インターンシップの労働者性

 先日、厚生労働省のウェブサイトで、「厚生労働省におけるインターンシップの追加募集」という告知がなされていました。就職希望学生を対象とした「職場体験実習(インターンシップ)」については多くの企業においてその導入が積極的に進められていますが、今回厚生労働省の募集要項によると、厚生労働省のみで約100件の募集が行われており、指導員の下で1~2週間の実習に従事するといった内容となっていました。

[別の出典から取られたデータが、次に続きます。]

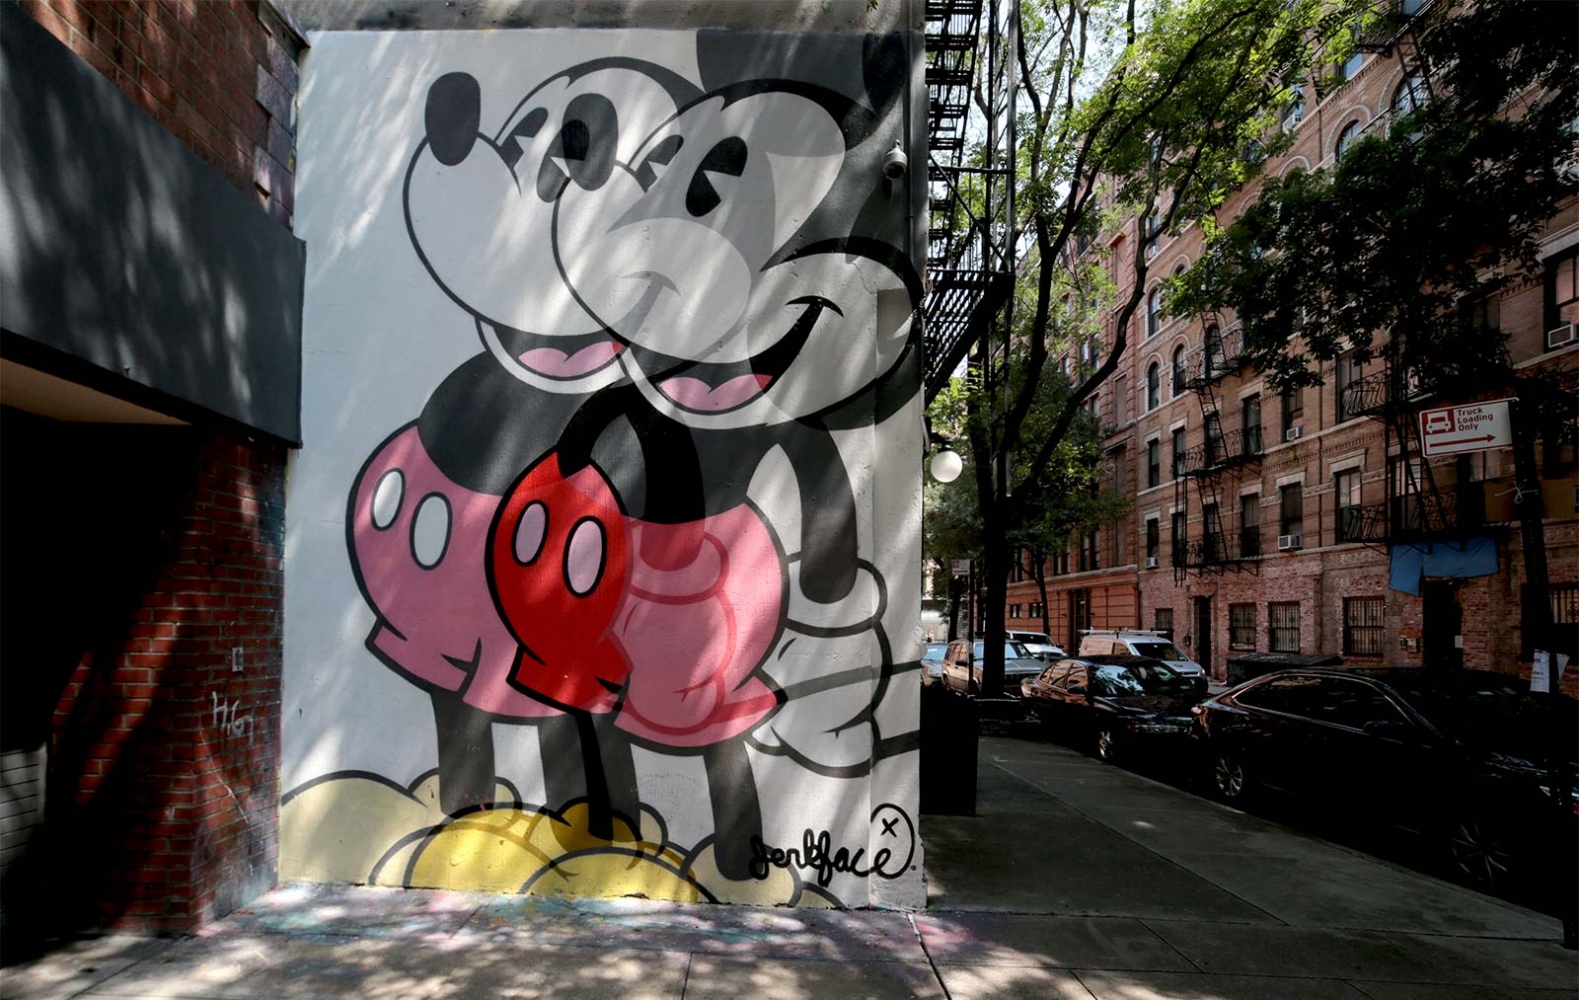 Image from Graffiti Art - East Village - New York

 このインターンシップ運営にあたっては、実習学生の労働者性をどのように扱うのかという問題があります。特にインターンシップは、アルバイトとの境目が不明確であることが少なくないため、事前にしっかりとしたプログラム等を準備しておかなければ単なるアルバイトと変わらない実態が発生してしまう恐れがあります。この場合はインターンシップとはいえ、労働者性ありとされ、最低賃金の支給や、事故発生時の労災の問題などが生じることとなります。
 
 このインターンシップにおける学生の労働者性に関しては、以下の行政通達が存在します。
「一般に、インターンシップにおいての実習が、見学や体験的なものであり使用者から業務に係る指揮命令を受けていると解されないなど使用従属関係が認められない場合には、労働基準法第9条に規定される労働者に該当しないものであるが、直接生産活動に従事するなど当該作業による利益・効果が当該事業場に帰属し、かつ、事業場と学生の間に使用従属関係が認められる場合には、当該学生は労働者に該当するものと考えられる。なお、この判断にあたっては、昭和57年2月19日付け基発第121号「商船大学及び商船専門学校の実習生について(一般に実習の委託を受けた事業場との関係において原則として労働者ではないとするもの)」も参照されたい。」(平9.9.18 基発第636号)
 
 インターンシップは学生の就労意識の醸成や企業とのミスマッチの防止という観点から、積極的に導入が進められるべきだと考えますが、こうした労働者性の問題については受け入れ側の起業において、事前に十分な検討を行っておく必要があります。一般的には、今回の厚生労働省の募集のように実習であることを前面に出し、労働者としては扱わず、また補助作業従事以外にも、プログラムの内容に講義を取り入れたり、レポートの提出を求めるなどの工夫をしている企業も多いようです。